■ Task goal ■
The copy must match the data word for word and contain no pictures.

■ Given data ■

↓↓↓

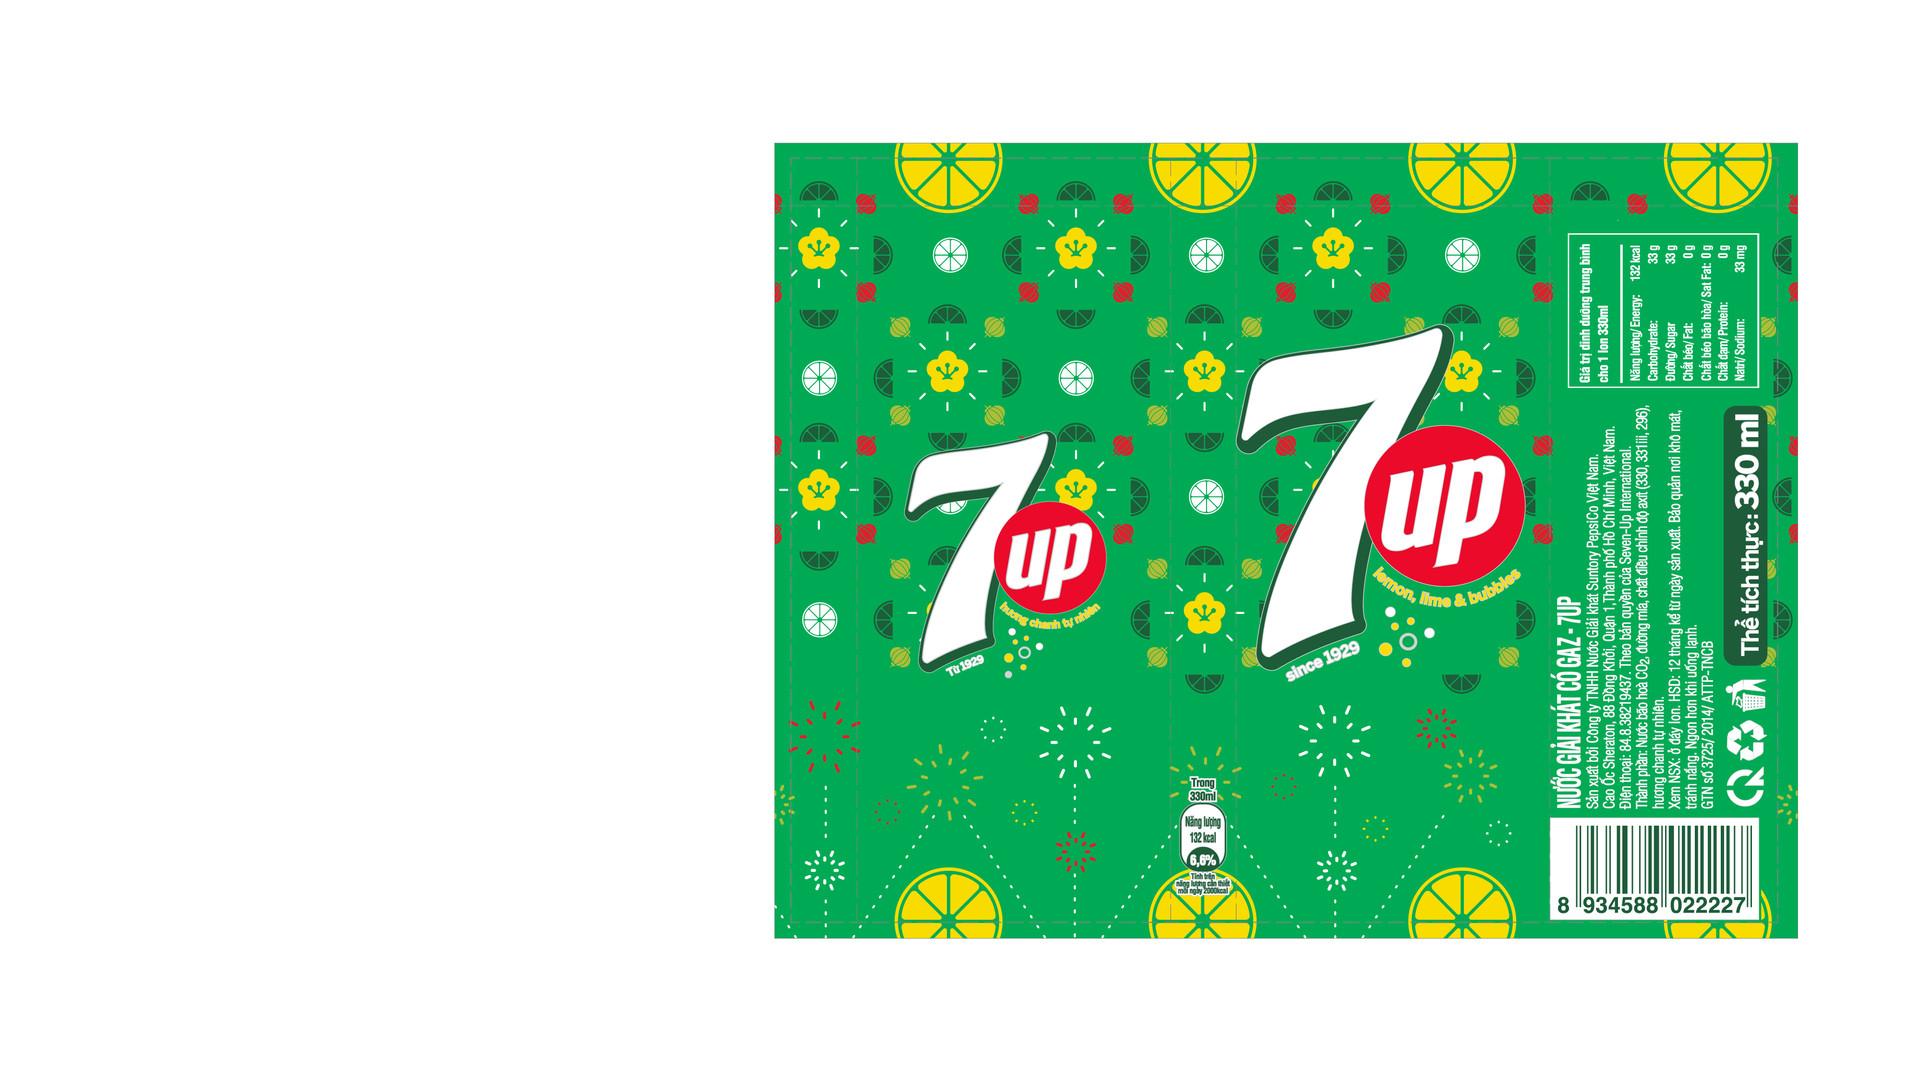 7 up Labels-12.jpg
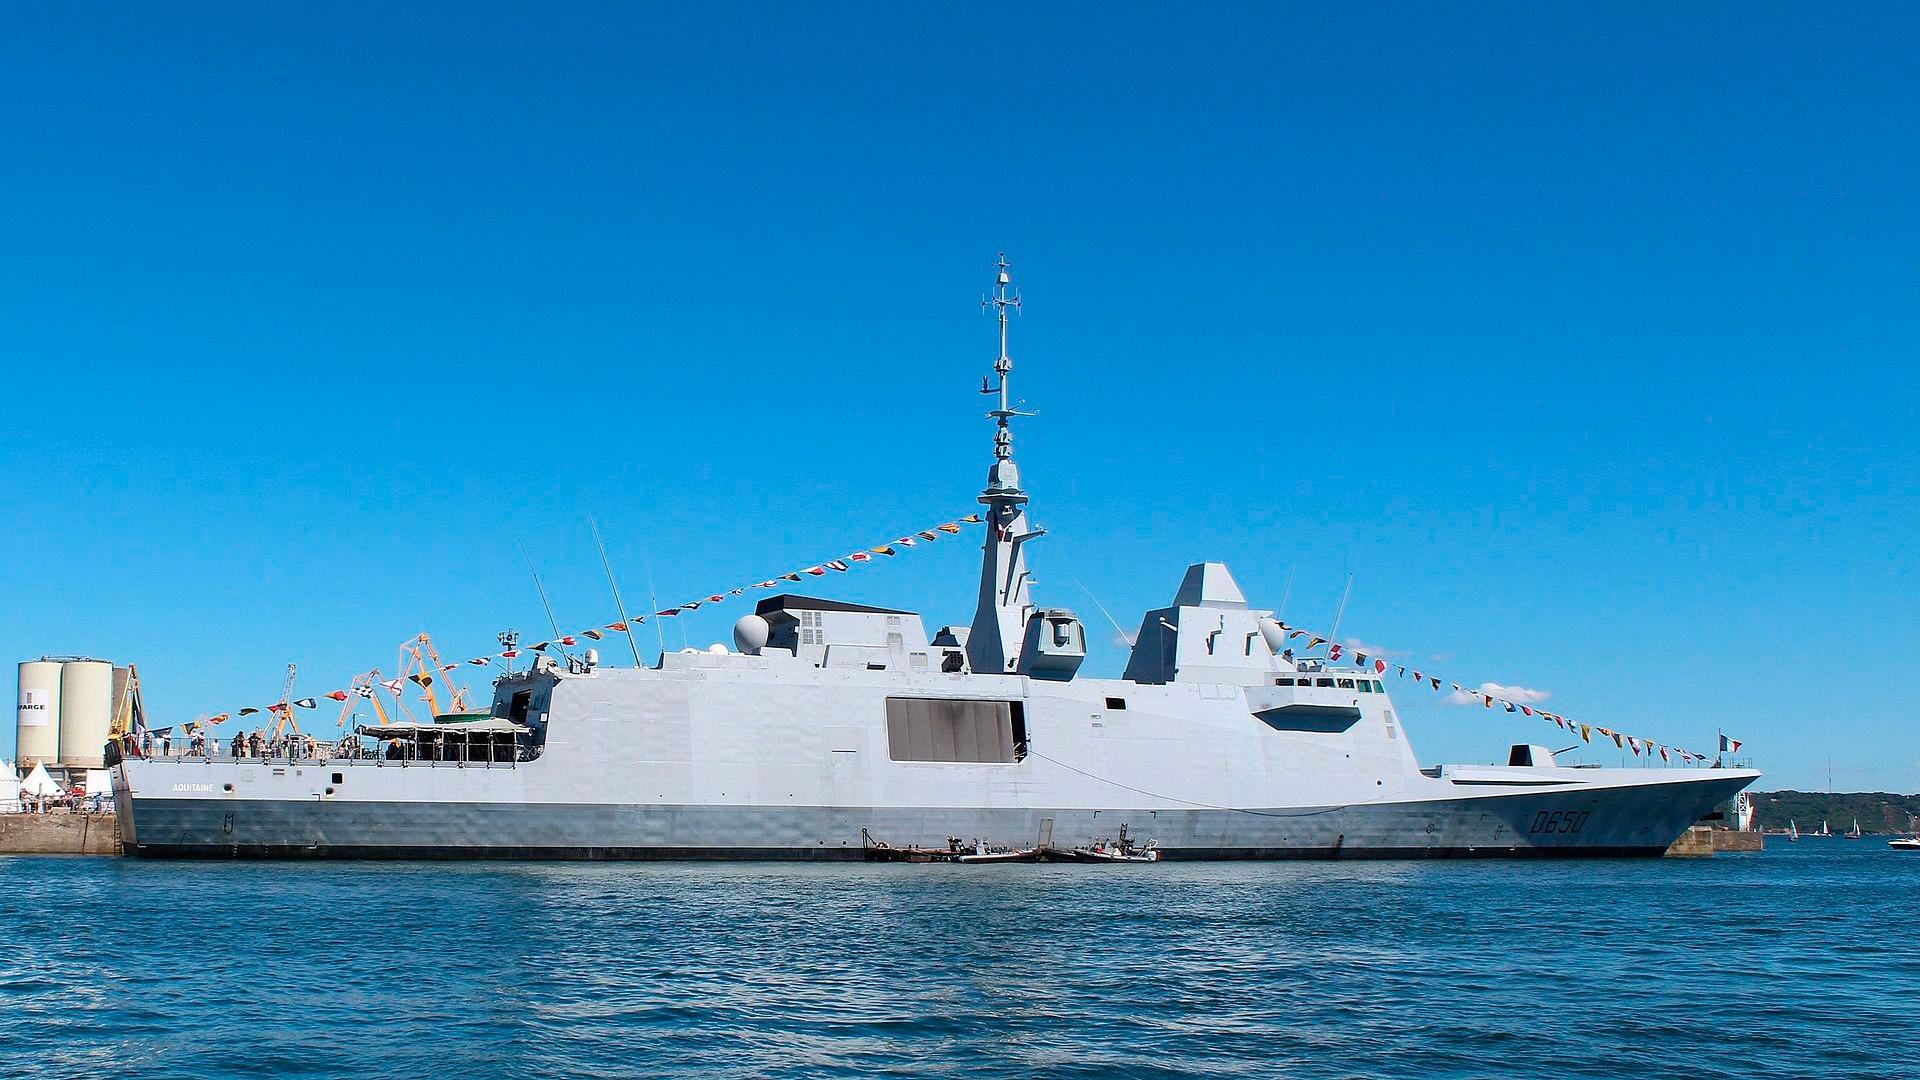 Северный флот РФ приступил к слежению за фрегатом ВМС Франции, зашедшим в Баренцево море
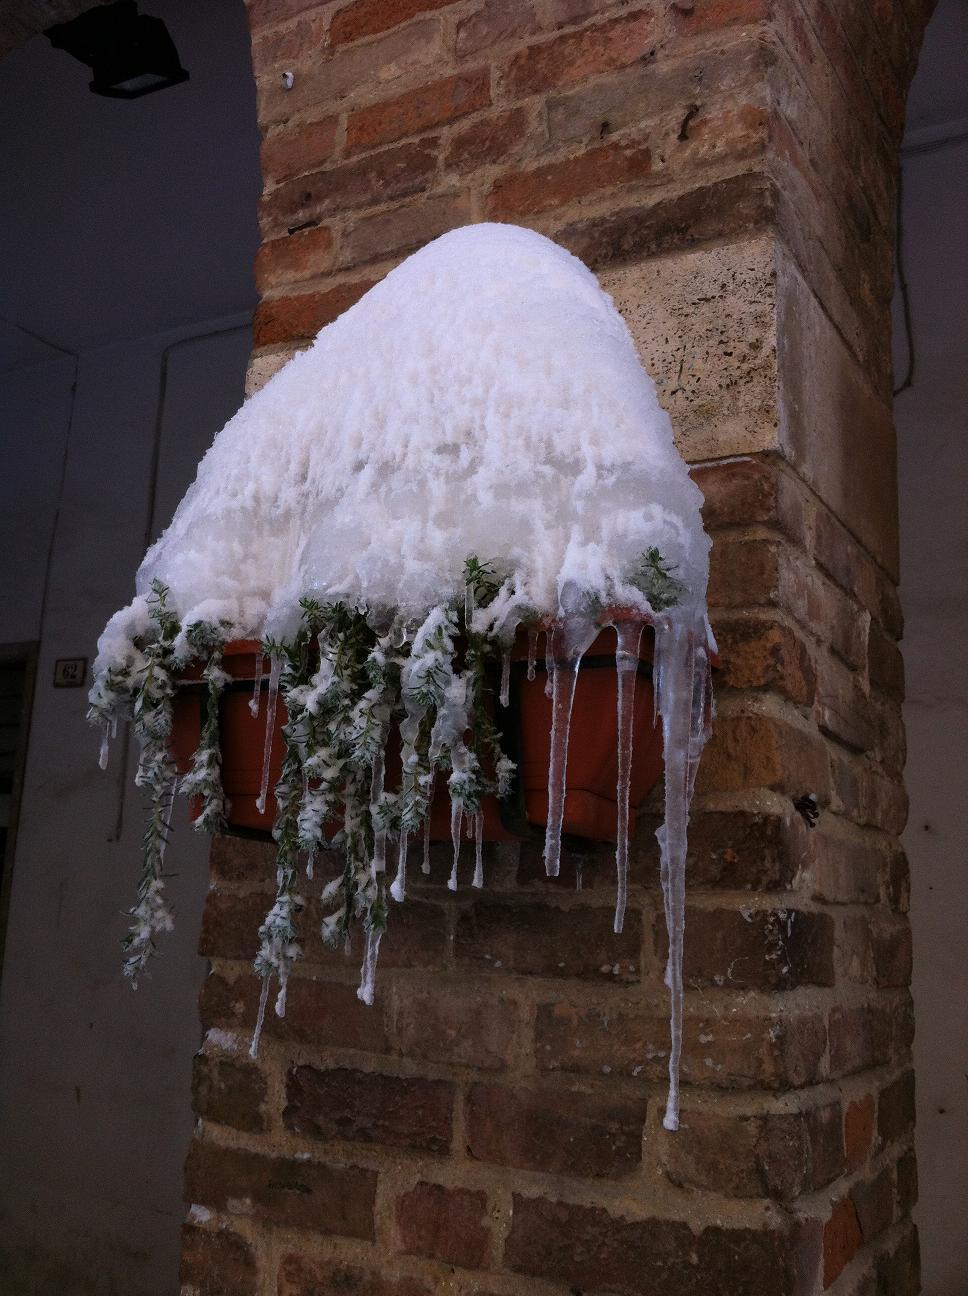 Vaso innevato, Grottammare, 11 febbraio 2012 foto Silvia Basili

↑↑↑

■ Task answer ■
 7 up Labels-12.jpg
 Северный флот РФ приступил к слежению за фрегатом ВМС Франции, зашедшим в Баренцево море
 Vaso innevato, Grottammare, 11 febbraio 2012 foto Silvia Basili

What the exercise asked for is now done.